Now, here are my questions:
This seems to work only when our contact 3-manifold is the product of three 1-manifolds (or at least is like that up to a pair of Reeb orbits, because I know $S^3$ and the lens spaces, can be treated in the same way, see Choi - Combinatorial embedded contact homology for toric contact manifolds for example). Can this be recreated for more general cases, for example a case where the 3-manifold is "piece-wise" $I\times T^2$ (for example, three of these pieces) and these pieces meet at critical levels where there are other Reeb orbits, not contained on foliated tori?
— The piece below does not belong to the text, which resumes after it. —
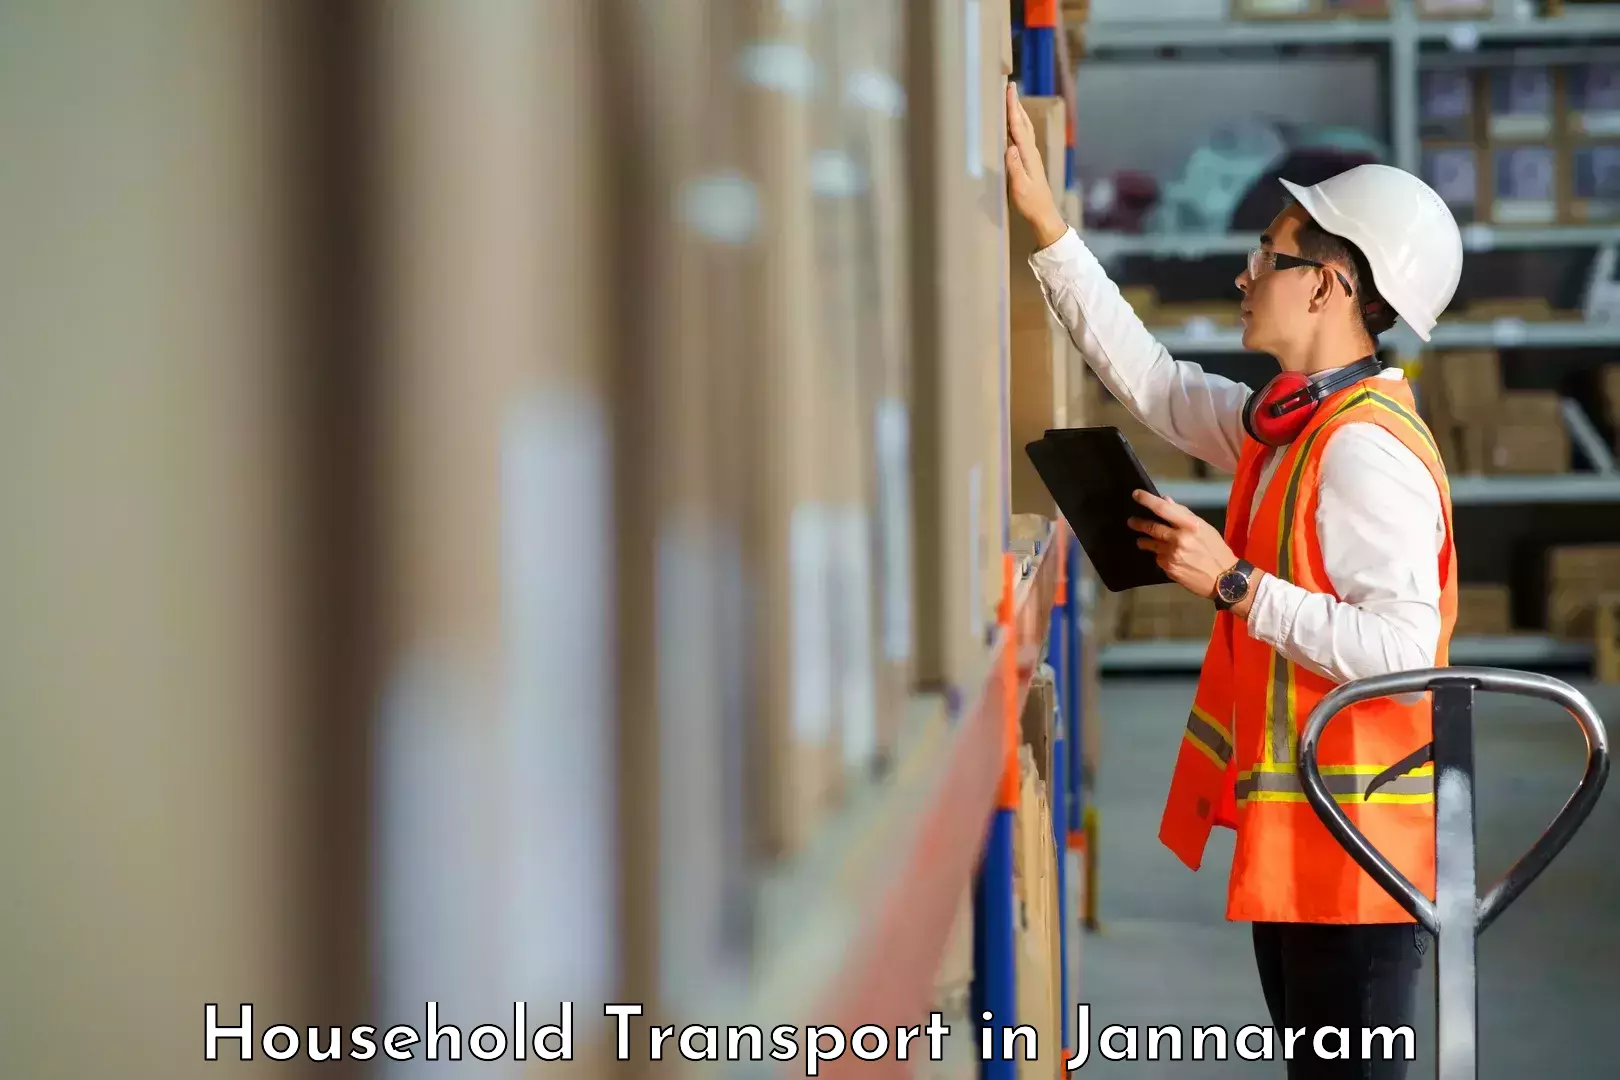 Home goods moving company in Jannaram

Is there a more general technique for dismissing existence of Pseudoholomorphic curves? I have seen the papers Hutchings and Taubes - Gluing pseudoholomorphic curves along branched covered cylinders I, Hutchings and Taubes - Gluing pseudoholomorphic curves along branched covered cylinders II on obstruction bundle gluing, which in theory, could always be used for dismissing or proving existence of pseudoholomorphic curves in the symplectization of 3-manifolds setting. The way I see it, proving that $G(u_1,u_2)=0$ (see Hutchings and Taubes - Gluing pseudoholomorphic curves along branched covered cylinders I page 9 for the notation) for a pseudoholomorphic building with levels formed by $u_1$ and $u_2$ should imply the non-existence of pseudoholomorphic curves (with certain properties in relation to the ends of the building) near the building. So, could this be effectively used for a specific problem? For example, could we redo the result in the first three papers with this idea instead of using the parametrization of the Reeb orbits in a foliated tori? I asked this because there are cases in which this parametrization cannot be attained in global coordinates nor will cover all Reeb orbits, for example, the orbits outside the $I\times T^2$ pieces. Notice that indeed, the gluing papers came like four years after the papers on PFH and ECH of $T^3$, so the idea may not be far-fetched.